– Да уж… – вздохнул я. Мне как-то даже полегчало, будто я часть своей беды перегрузил на эту девчонку. И сразу стыдно стало. Вот же ж, натура дурацкая…
– А потом? – затеребила меня девушка.
Я крякнул от смущения, уже слегка досадуя на себя за излишнюю откровенность. Сколько раз я себе выговаривал, чтоб не повиновался порывам! Но все же облегчение чувствовалось…
Люди ж не зря имеют привычку «делиться» своими горестями – они их именно что делят, щедро, оставляя себе лишь часть былых переживаний. А я ж тоже хомо сапиенс, и ничто хомосапиенсовое мне не чуждо…
– Потом я недели две наведывался на «место преступления», – продолжил я с кривоватой улыбочкой. – Все ждал, что память вернется. Ходил там, на людей смотрел, надеялся, что окликнет кто знакомый, и я хоть имя свое узнаю.
– Так ты даже имени своего не помнишь?
– Я ничего не помню из прошлой жизни, – терпеливо объяснил я. – Долго себе новое имя подбирал, пока не надумал как Пушкин зваться – Александром Сергеевичем. Вот так…
– Ужасно… – повторила девушка. – Это же все равно шо жизнь отобрать. Начисто. Конечно, если задуматься, то шо хорошего у меня было? Тусклое какое-то у меня прошлое, вон, как за окном. И вспомнить особо нечего. Папка меня любил, но он помер, когда мне всего четырнадцать было. Жалко так, до сих пор. А мамку я только пьяной видела… Нет, она не злая, просто меня не любит. Братика моего обожает просто, а я – так… Он же младшенький, так бывает. Раньше я из-за этого плакала, папульке жаловалась. А потом привыкла. Но все равно, я же помню, где родилась, где росла, в какую школу ходила! Год назад… Год назад у меня выпускной был…
Я вздохнул, будто повторяя маринин вздох.
Трудно быть бомжом.
Надо здорово опуститься и опроститься, чтобы нормально себя чувствовать на помойке.
Не знаю, примечал ли я всю эту «бичеву» раньше, в прошлой жизни, а нынче у меня глаз наметан.

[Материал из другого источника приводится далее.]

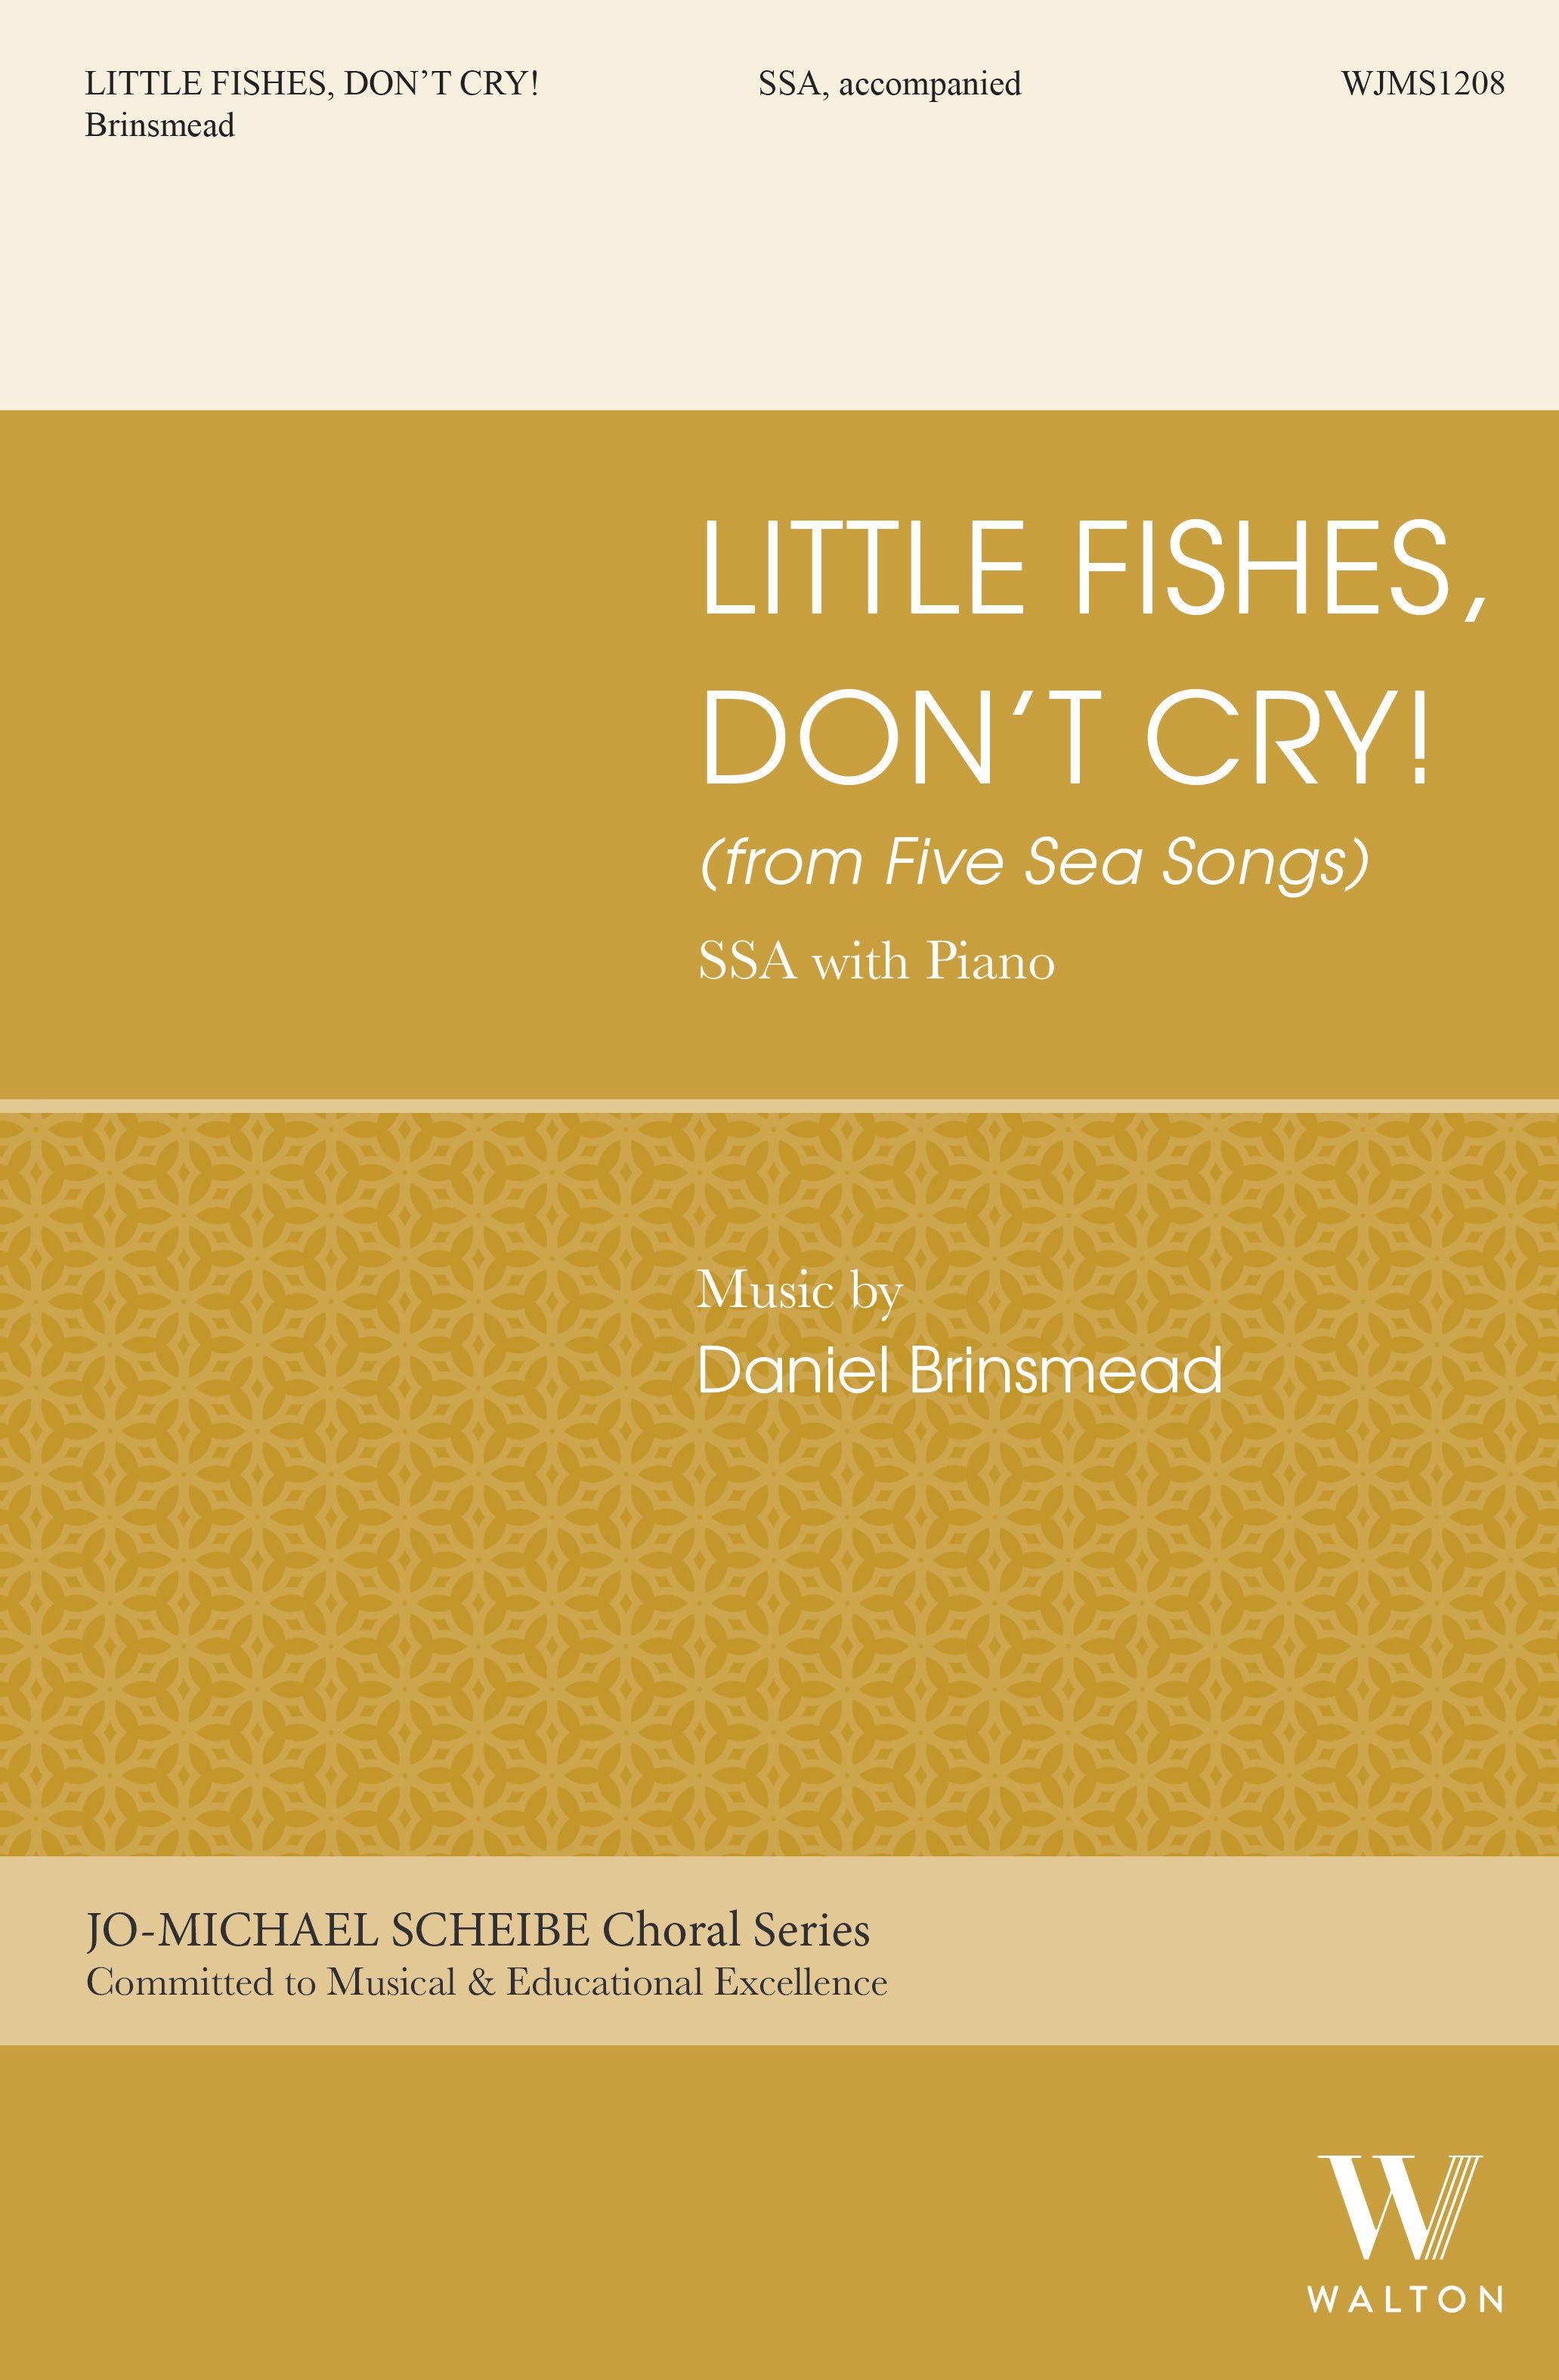 Little Fishes, Don't Cry!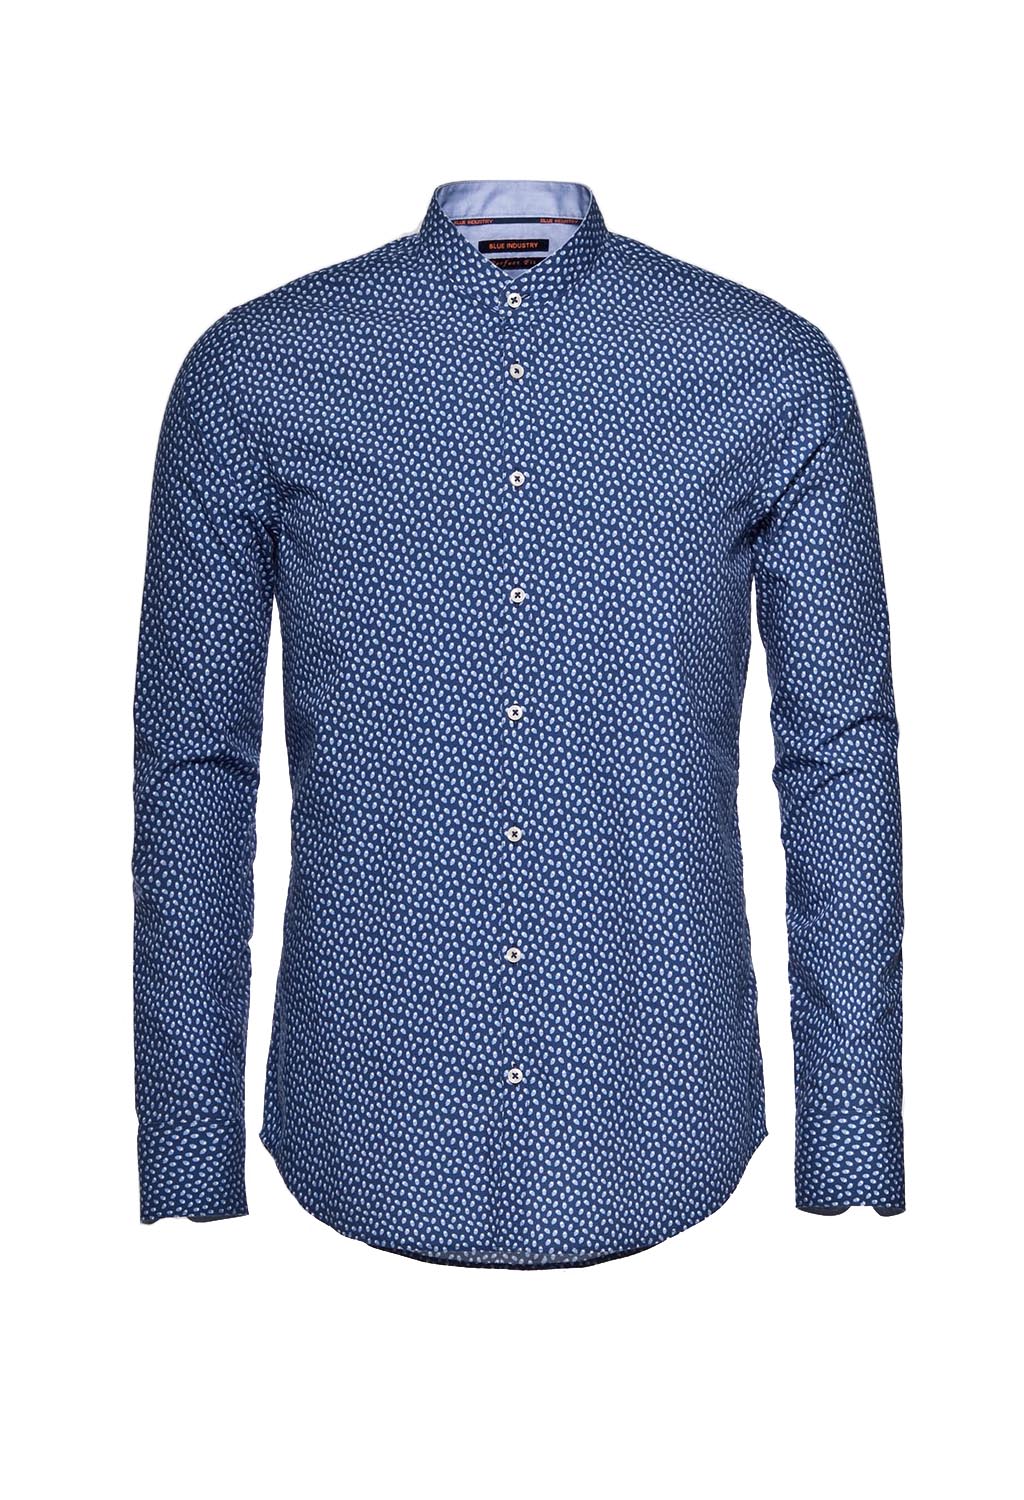 blue-industry-micro-strawberry-shirt-850.71

Бомжи как бы уступают город «нормальным» и успешным, занимая обочину жизни. Почти все они – люди с ДРП. С добровольно редуцированными потребностями. Все их желания сводятся к выпивке и закуске, к теплому месту, где можно заночевать.
Бомж – классический маргинал. У него нет семьи, нет работы, он ни к чему не стремится, ничего не пытается добиться в этой жизни. Он изгой, отверженный.
Слезливые дамочки обычно жалеют «бедных бомжиков», но это неправильно. Если человек жрет из контейнеров с отходами, а спит в подъезде, то это его выбор. Здесь нет никакой трагедии, и никого не надо спасать, вытаскивать из нищеты, устраивать на работу, хотя бы потому, что среднестатистический бомж не будет трудиться.
И даже не потому, что он ленив, хотя и это тоже присутствует, а из-за того, что общество со всеми его ценностями и атрибутами бомжу не нужно. Он вне социума.
И тут легко впасть в другую крайность – зачислить всех бомжей в паразиты, в тунеядцев-побирушек. А ведь лодырничать бичам удается не всегда. Каково это – с раннего утра обойти десяток свалок, собирая бутылки? Легко ли так жить?
И далеко не все из них воришки. Множество бомжей живут тем, что «нормальные люди» выбрасывают.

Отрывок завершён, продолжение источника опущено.